Pound for Pound Sterling: We Still Have the World’s Top Shallow Set
The English are having a fine old time in New York — we’re sort of like their Mexico right now, a place where you can throw around your powerful loot and loosen your tie, get away from real-world concerns back home … just unwind a little. Witness last week’s unprecedented bubbly fest at Pink Elephant, financed by the crass, beleaguered billionaire who owns troubled English Premier League squad Newcastle. While he was being shredded back home in the press, heavyset honcho Mike Ashley dropped $220,000 on bottles of Cristal, even finding time to spread the champagne love with various bottle hawks and other moochers who reportedly knew him only as “soccer guy.” UK tabs brilliantly referred to the beneficiaries of the clueless Ashley’s largesse as “Manhattan’s shallow set.”

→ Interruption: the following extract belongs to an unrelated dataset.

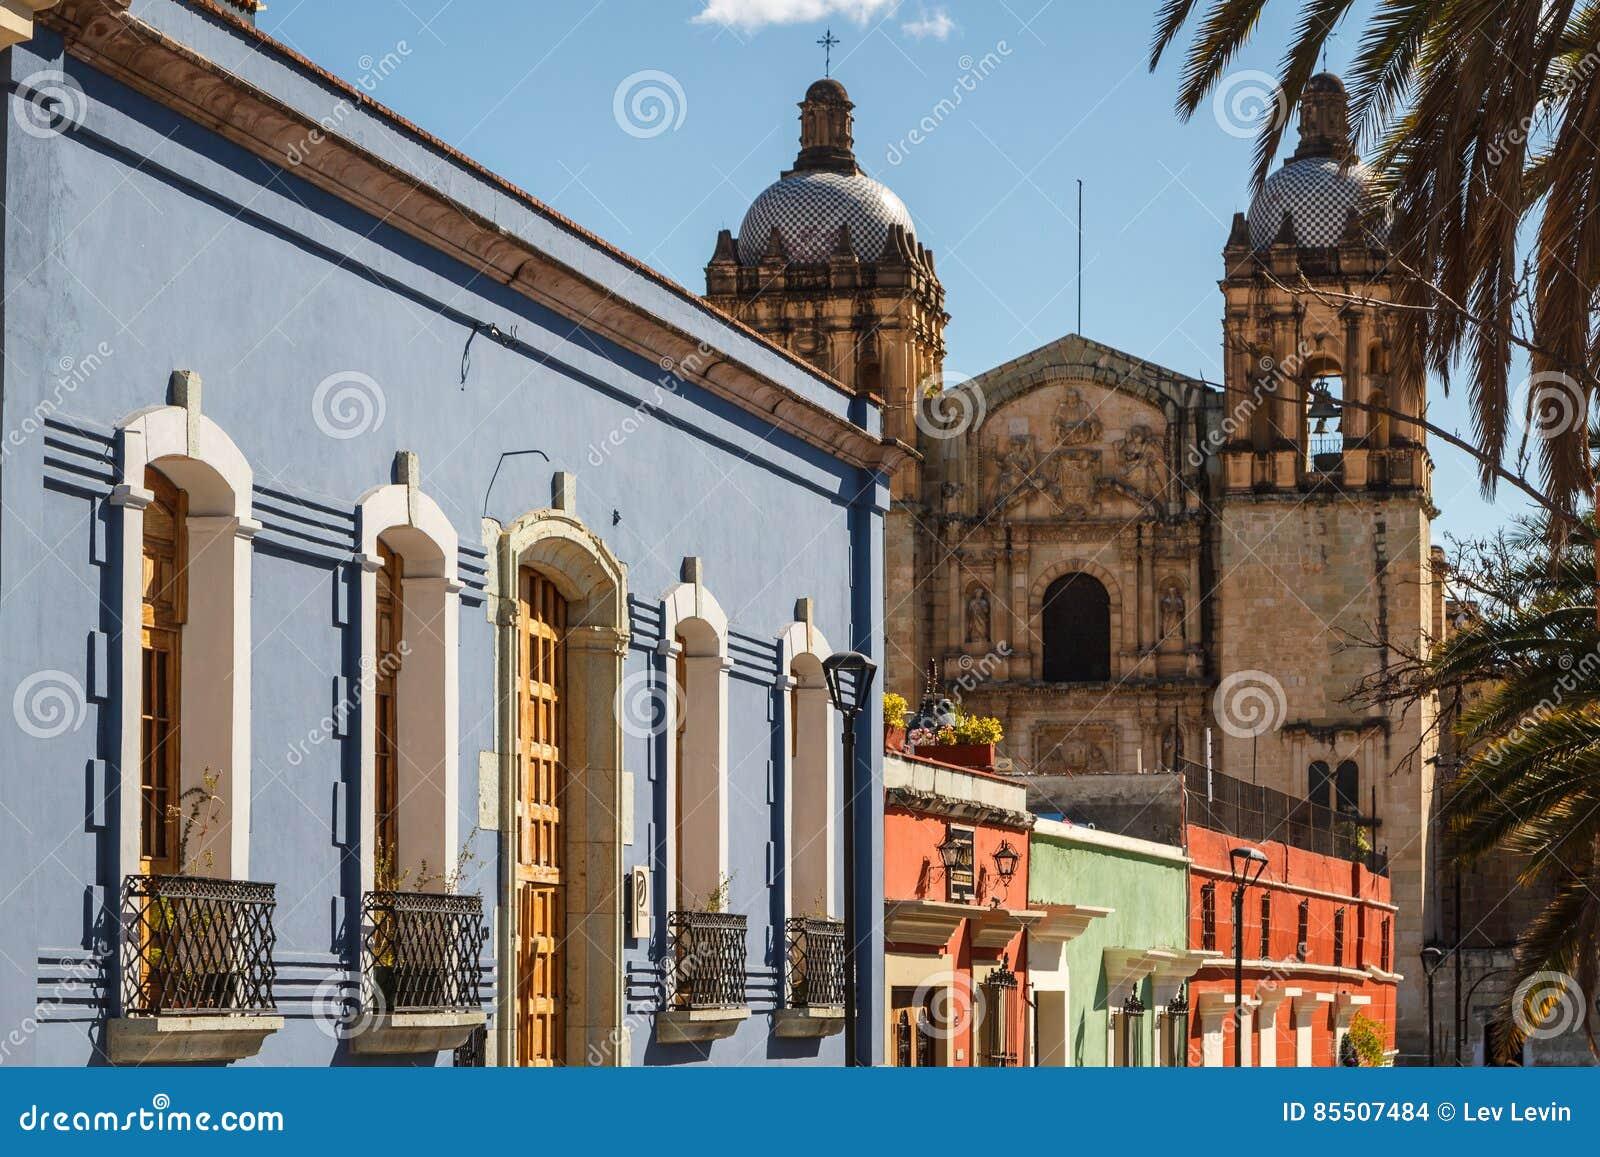 Koloniale voorgevels in het historische centrum van Oaxaca

These included, according to The Daily Mail, the runoff from an Entourage party wrapping up down the street: “Actors Kevin Connolly and Jeremy Piven swilled champagne with former Dallas Cowboys star Deion Sanders, ex-Boston Red Sox baseball star Mo Vaughn, and Black Eyed Peas’ singer Will.I.Am. They all joined in, but none of them knew who Ashley was.”
Moving on to some higher brow though equally shallow set-worthy festivities financed by UK funds, last night we checked out the opening of “The Outsiders” show at the pop-up Lazarides Gallery space on the corner of Bowery and Houston. The turnout for the UK gallery’s temporary spot represented the cream of the downtown scene. We spotted round-rimmed Jeffrey Deitch surveying the foreign invaders, select art world players from London/New York gallery Haunch of Venison, and of course the ubiquitous Beatrice Inn types who unanimously agreed the show was stellar as they got loaded on endless, quality booze courtesy of Belvedere. Cool French performance artist Coco Dolle scouted for Amazons in the crowd while supporting a creepy, masked pal who was shrieking like a hyena while injecting a blonde model with black ink that dripped off her back in the form of a Chanel logo, much to the delight of all.

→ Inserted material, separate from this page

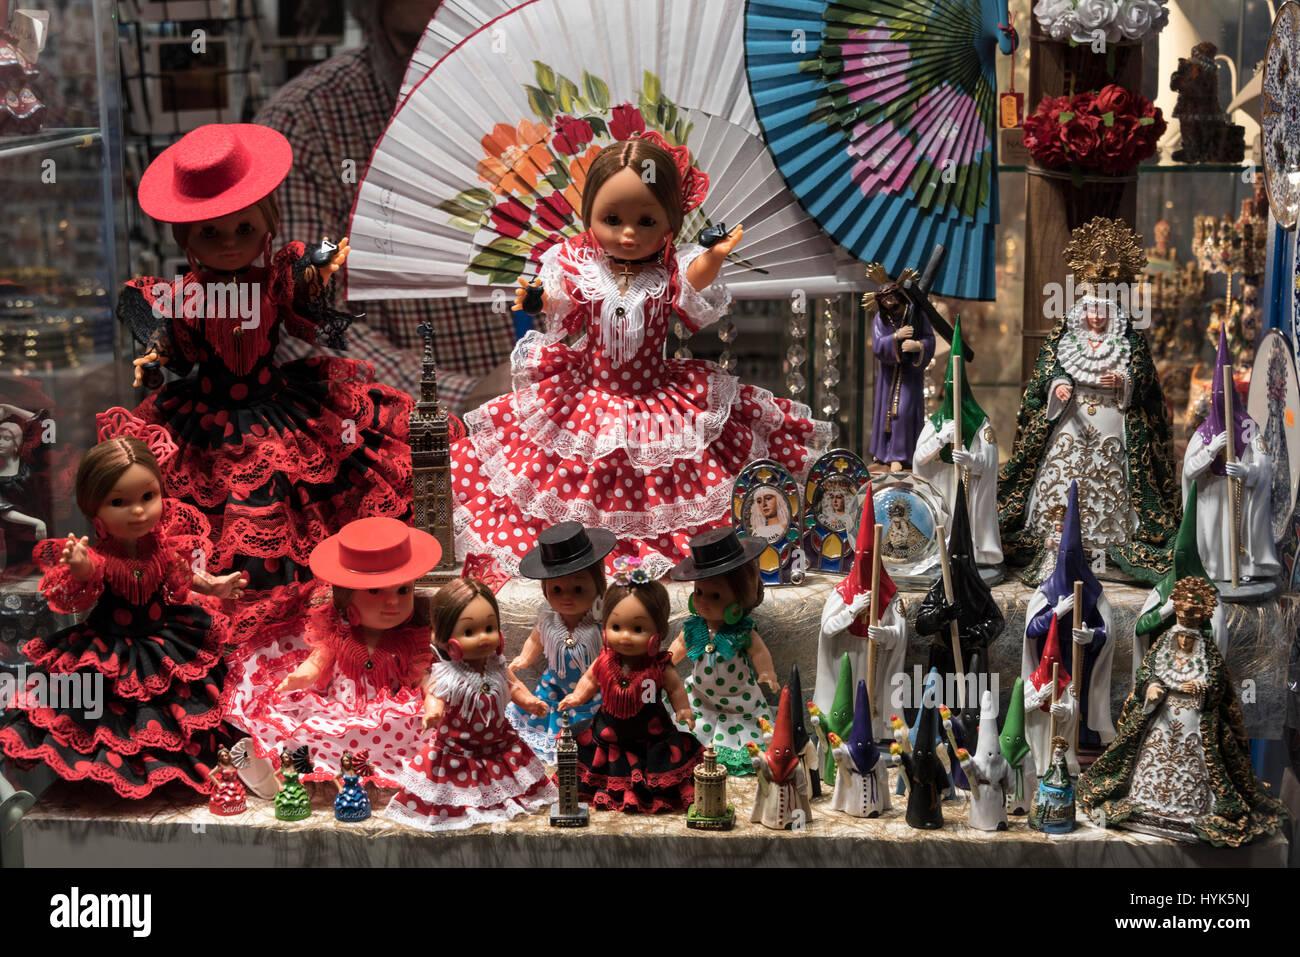 spanische kleidung stockfotos und -bilder kaufen - alamy

The highlight was the impressive quality of the pieces on display — even if seeing lots of “street art” co-opted and put on display by a fancy gallery is always a tad unsettling, like seeing a bunch of sad elephants prancing around a circus tent. The lowlight — and the proof that the shallow set extends to both the haute and base elements of Manhattan — came toward the end of the vodka-fueled festivities, when a pleasant little old lady from the neighborhood approached and asked the clipboard chick working the door if she could come inside to take a look. As the door girl informed her (with the efficiency of a 1Oak door diva) that she did not make the cut, a pretty model girl breezed past her with nary a problem. Proving that New York’s economy can explode, but our shallow set will always be world class.